Wood – How to repair a small hardwood crack

crackhardwoodwoodwooden-furniturewoodworking

I have a maple bench that recently decide to crack. I'm not sure what's the cause. I'm guessing wood expansion due to humidity changes. Anyway, I've decided to look around for solutions on fixing the crack. The crack itself is pretty small, a finger nail barely fits in the opening. Here's some pictures:

Top of the bench
Top of the bench

Close-up of the top
Close-up

Under the bench
enter image description here

Ideally, I would like to close the gap. In the end, I'm not sure which one is the best approach. I've considered the following:

  • Bowties; although it doesn't seems to close the gap.
  • Dutchman; a patch wouldn't be that bad, but requires a lot of precision!
  • Re-gluing; by carving the crack in a V shape from under the bench, adding glue and then clamping.
  • Wood filer; would probably require sanding the whole top, staining and varnishing again. I would like to avoid that.
  • Staining the crack with a tiny brush; makes the crack less visible but wouldn't close the gap.

Anyone have experiences on fixing these cracks?

UPDATE:
I went ahead and stained the crack as per @HenryJackson's answer. It is a lot less visible. I will leave it as-is for now. (It's not making me crazy… yet!)

Stained Crack

Best Answer

This looks like a crack caused by the wood drying and shrinking. Likely caused by dry winter air, although it's also possible that the wood wasn't properly dried before the bench was assembled. (Humidifying your whole house can help with cracks like this, but wood is a natural material and nothing will preserve it perfectly forever.)

It also doesn't help the way the bench is put together: ideally wood furniture should be capable of a little wood movement. When wood absorbs moisture it expands perpendicular to the grain; when it dries out it contracts perpendicular to the grain. (Wood also expands and contracts in the direction of the grain, but usually it is small enough to ignore.) The way this bench is constructed with that large surface of wood, there's no way for a little natural shrinkage without a crack like this.

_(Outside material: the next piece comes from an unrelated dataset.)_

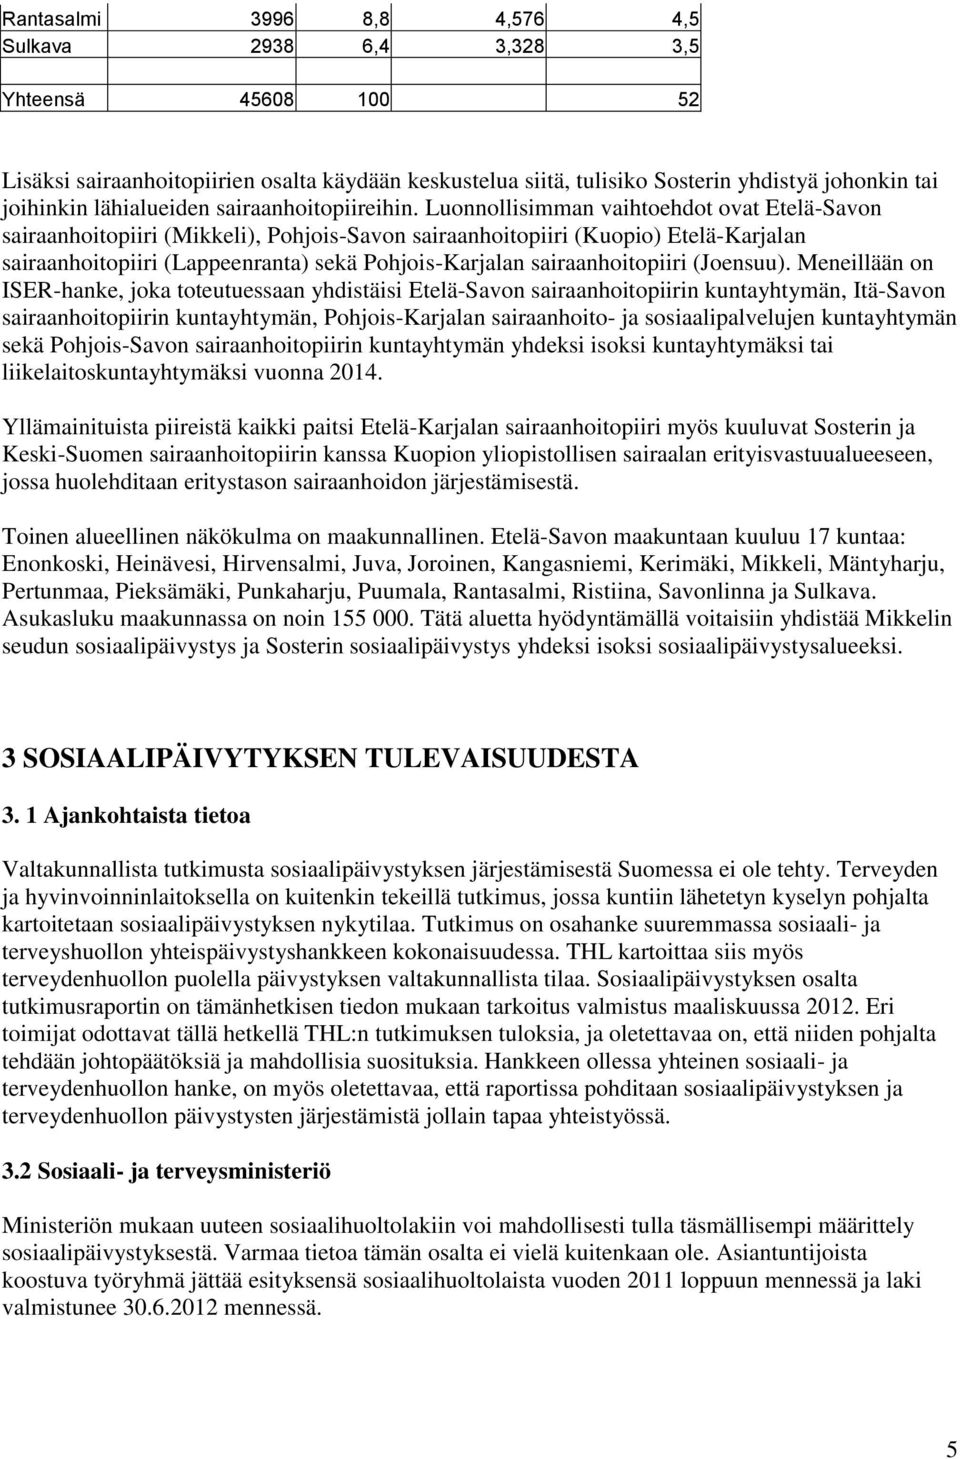 Luonnollisimman vaihtoehdot ovat Etelä-Savon sairaanhoitopiiri (Mikkeli), Pohjois-Savon sairaanhoitopiiri (Kuopio) Etelä-Karjalan sairaanhoitopiiri (Lappeenranta) sekä Pohjois-Karjalan

Unless it's driving you crazy, my recommendation would be to stain the crack and then just leave it. You could try using pocket screws from underneath like HerrBag suggests, but if you try to close the crack tight there's a decent chance that you'll just get another crack somewhere else next winter when the wood shrinks again.

(I disagree with longneck's comment that this is caused by lack of structural support underneath: the crack probably happened next to the support because the support was holding the wood together and resisting shrinkage there. If you say it appeared in the middle of the night, that reinforces my suspicion.)